------ Data below
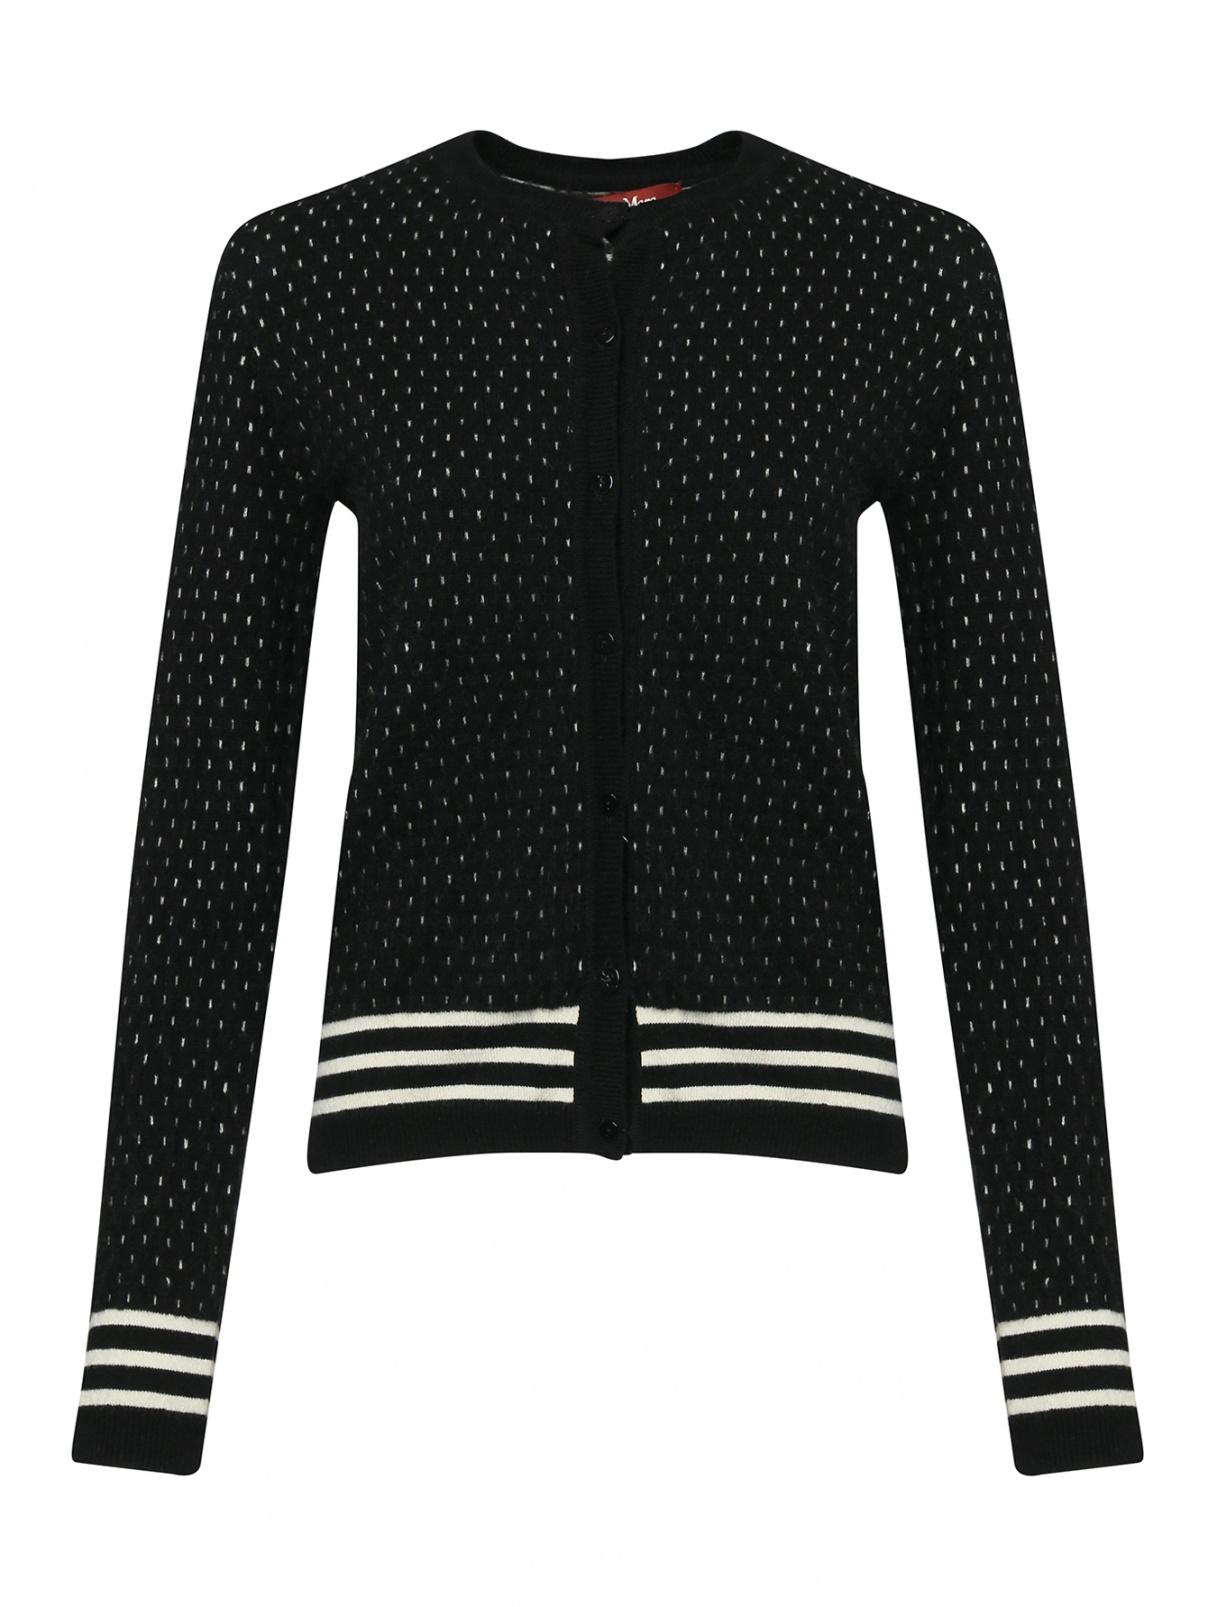 Комплект кардиган и блуза из шерсти Max Mara  –  Общий вид
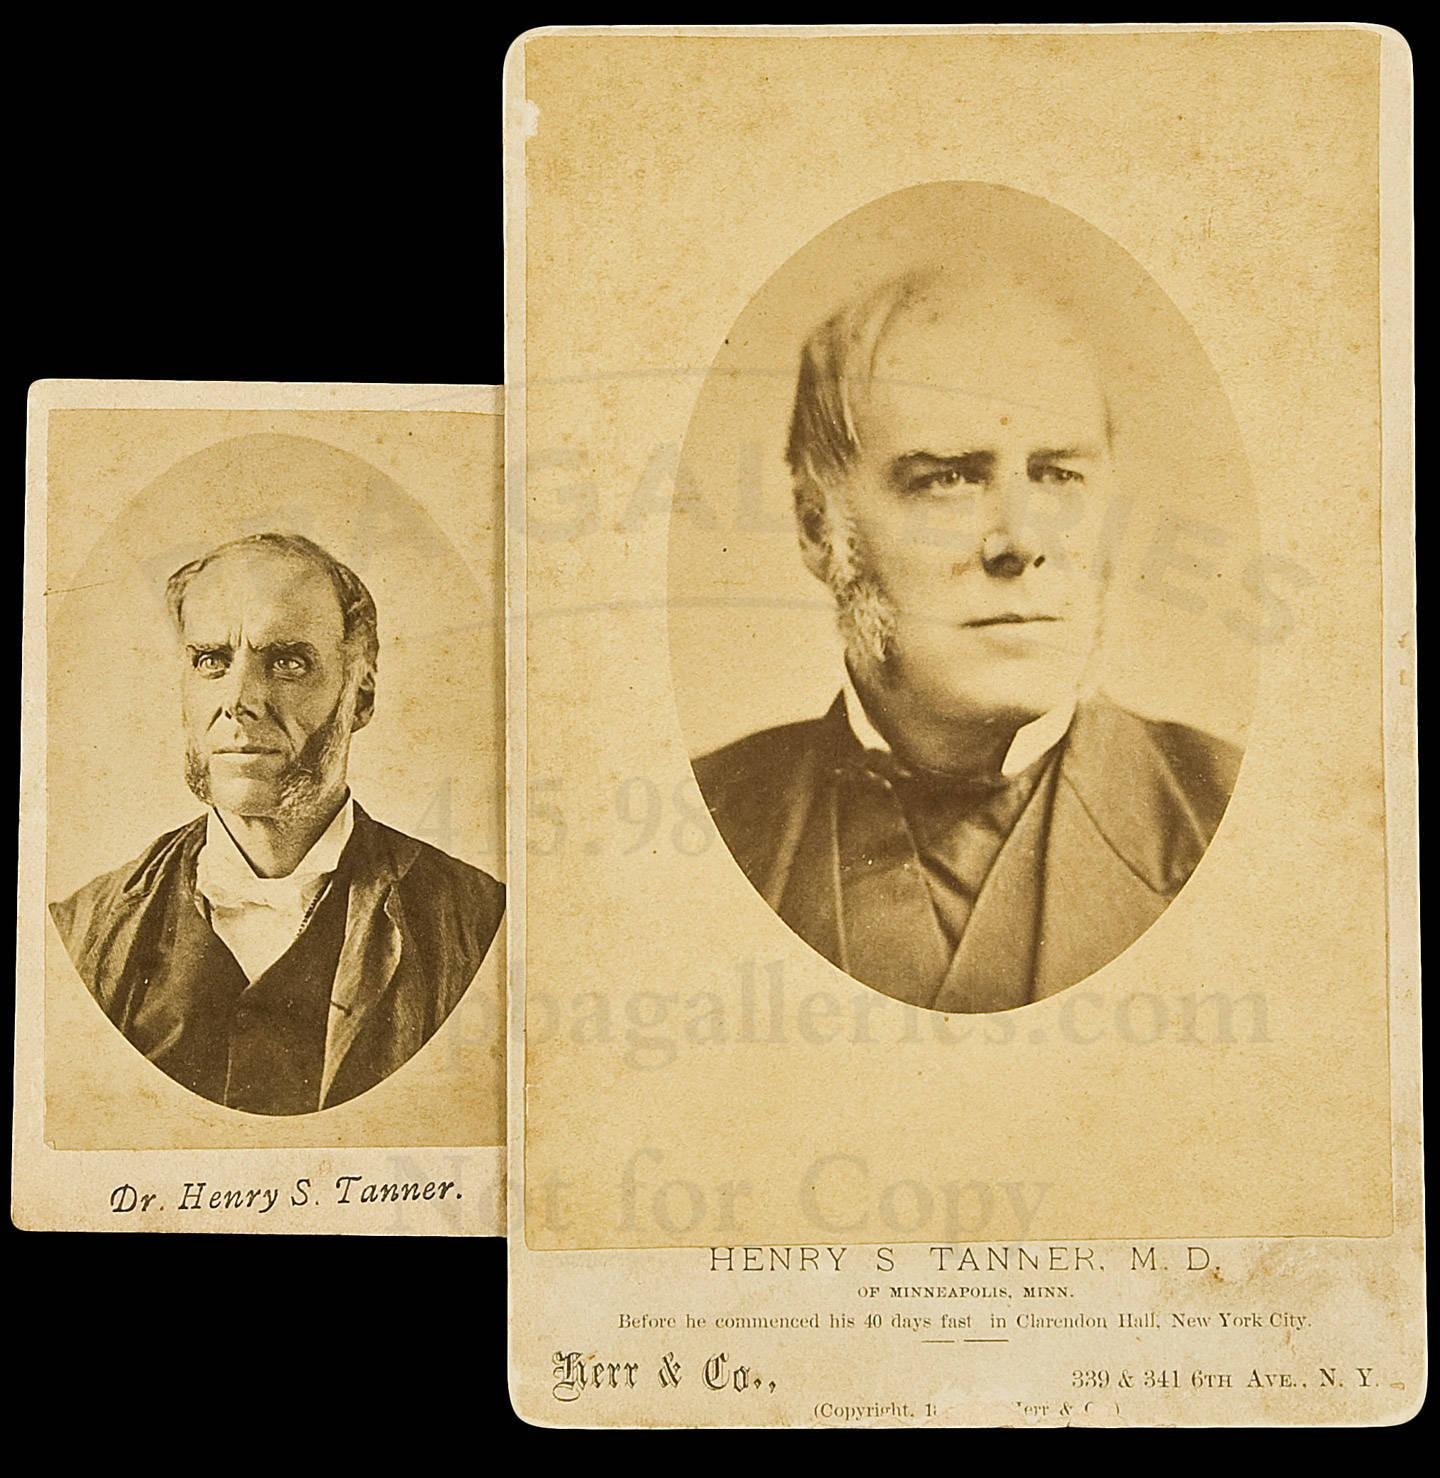 A Cabinet Card And Carte De Visite Of Famed Faster Dr Henry S
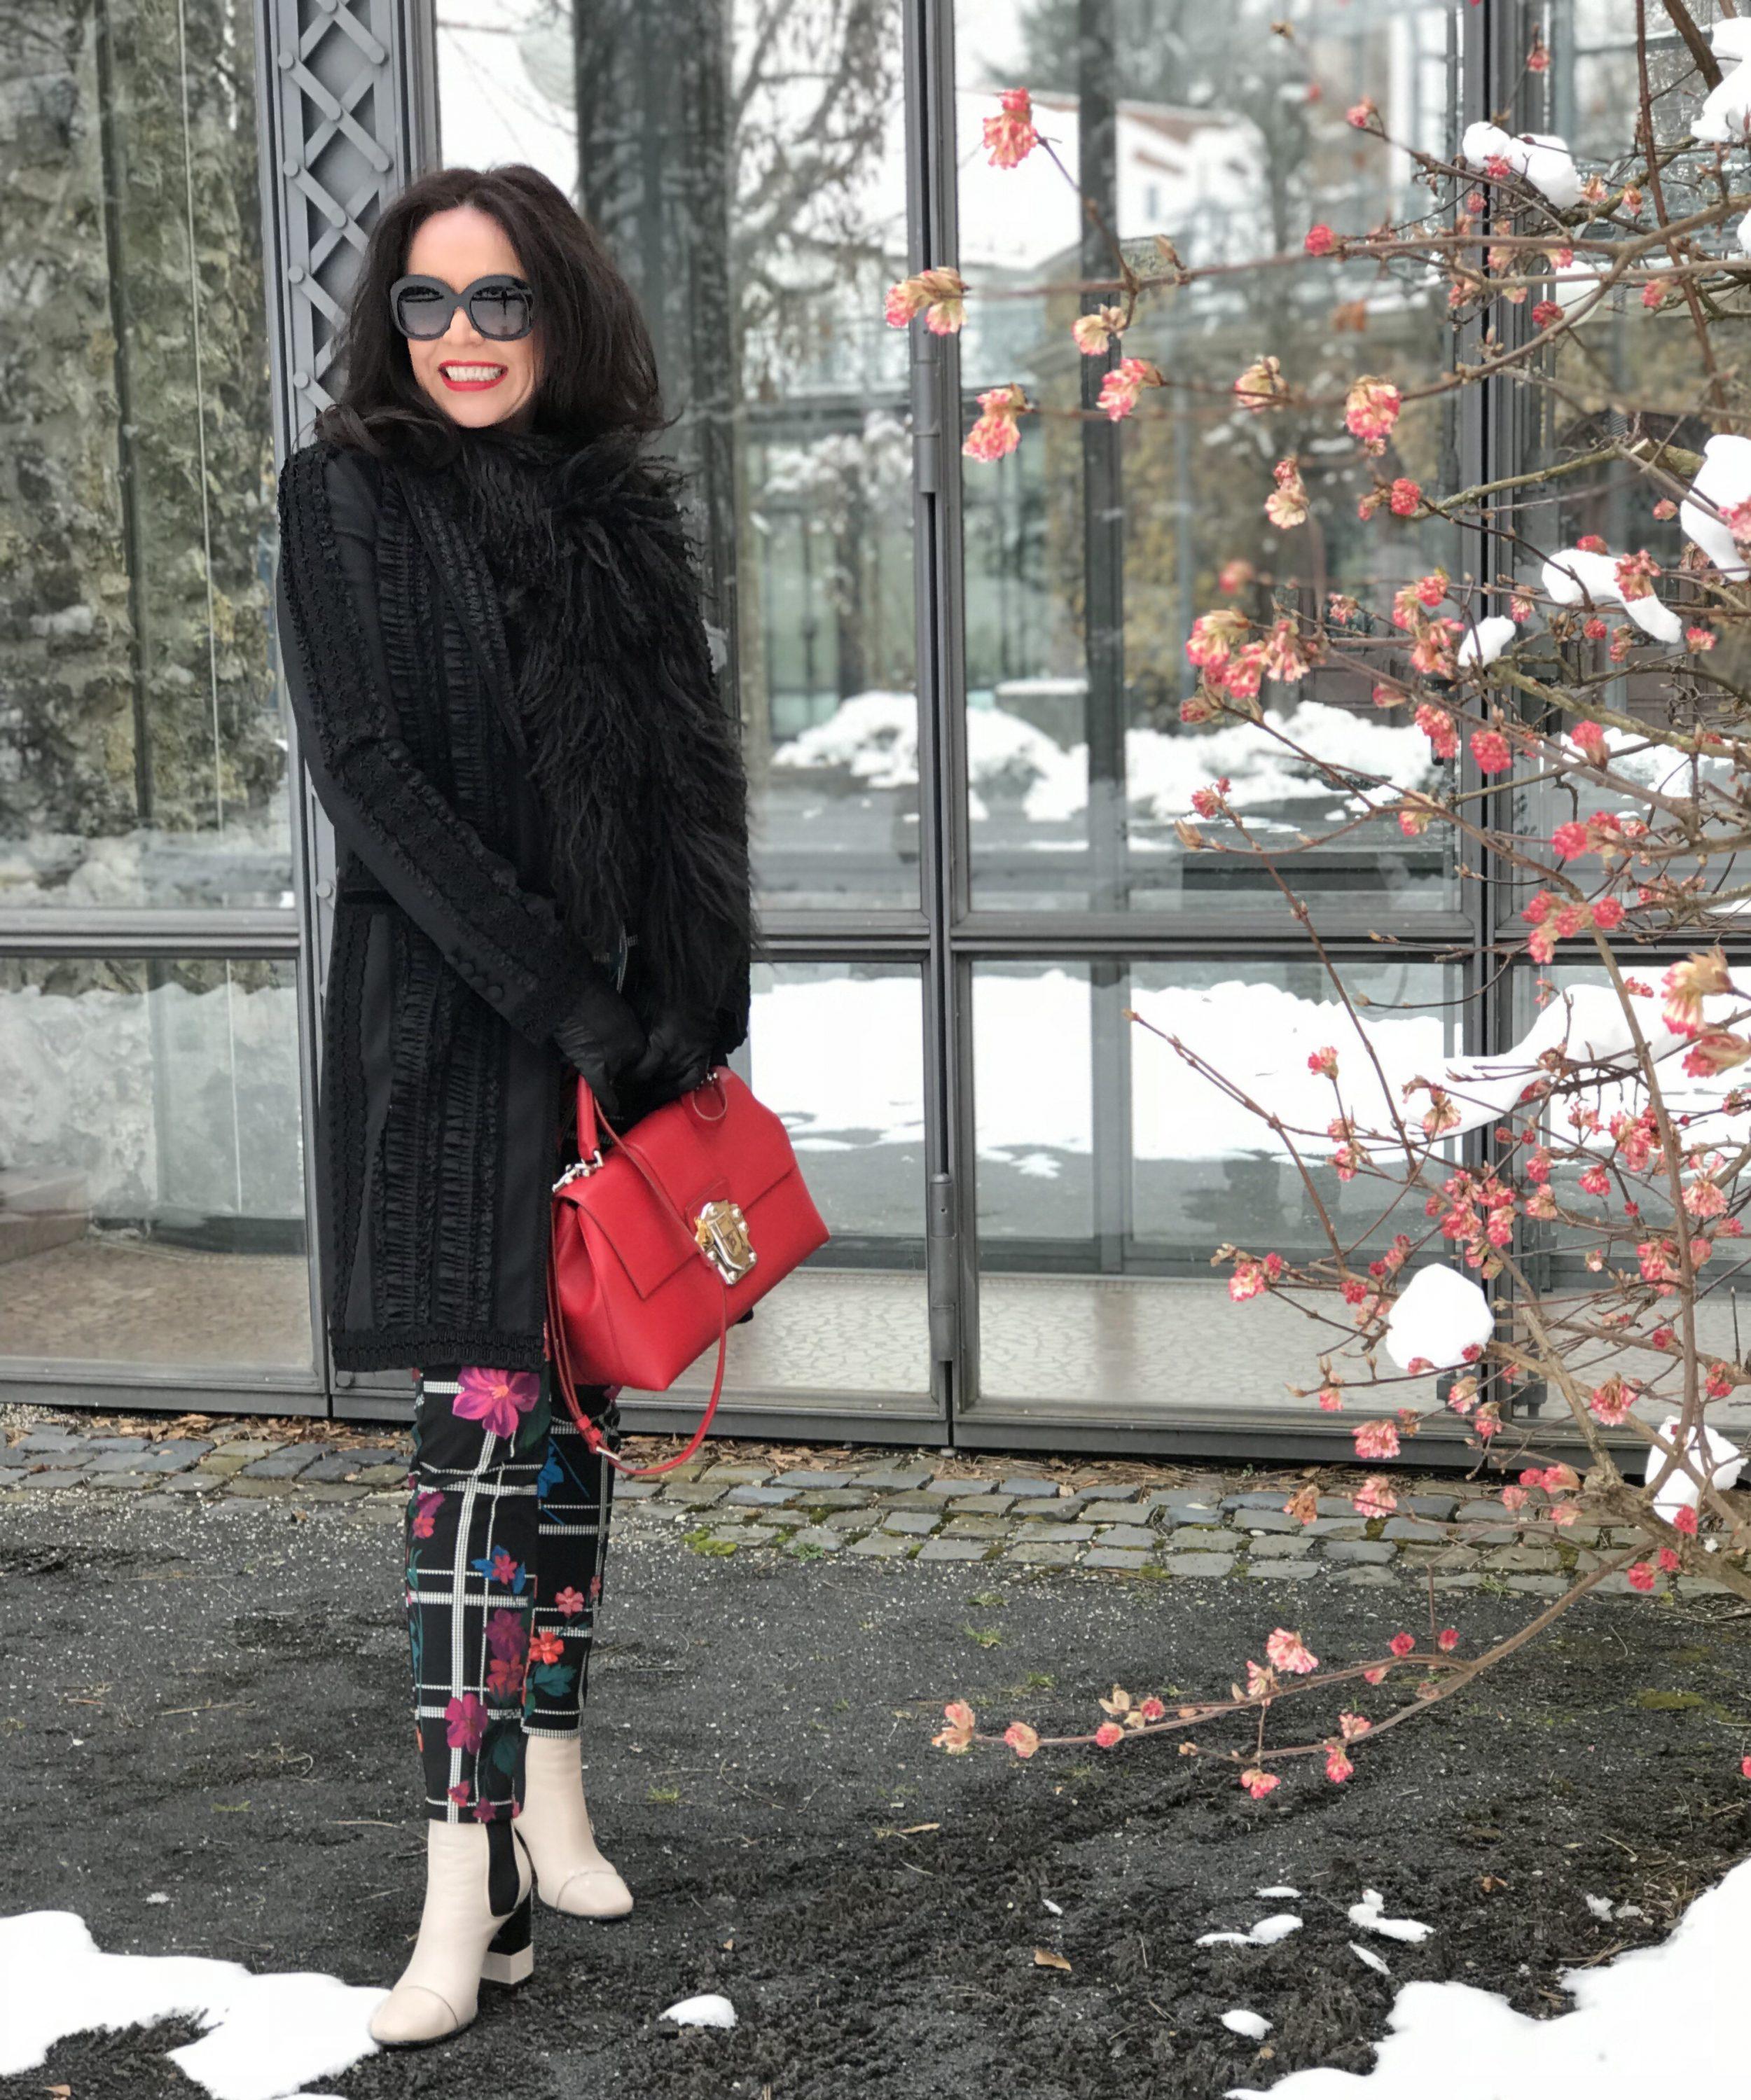 Biancoghiacco // Italian fashion
------------
== What this task involves ==
Each line of the data is to be duplicated exactly; pictures stay out of the copy.

== Finished exercise ==
 Комплект кардиган и блуза из шерсти Max Mara  –  Общий вид
 A Cabinet Card And Carte De Visite Of Famed Faster Dr Henry S
 Biancoghiacco // Italian fashion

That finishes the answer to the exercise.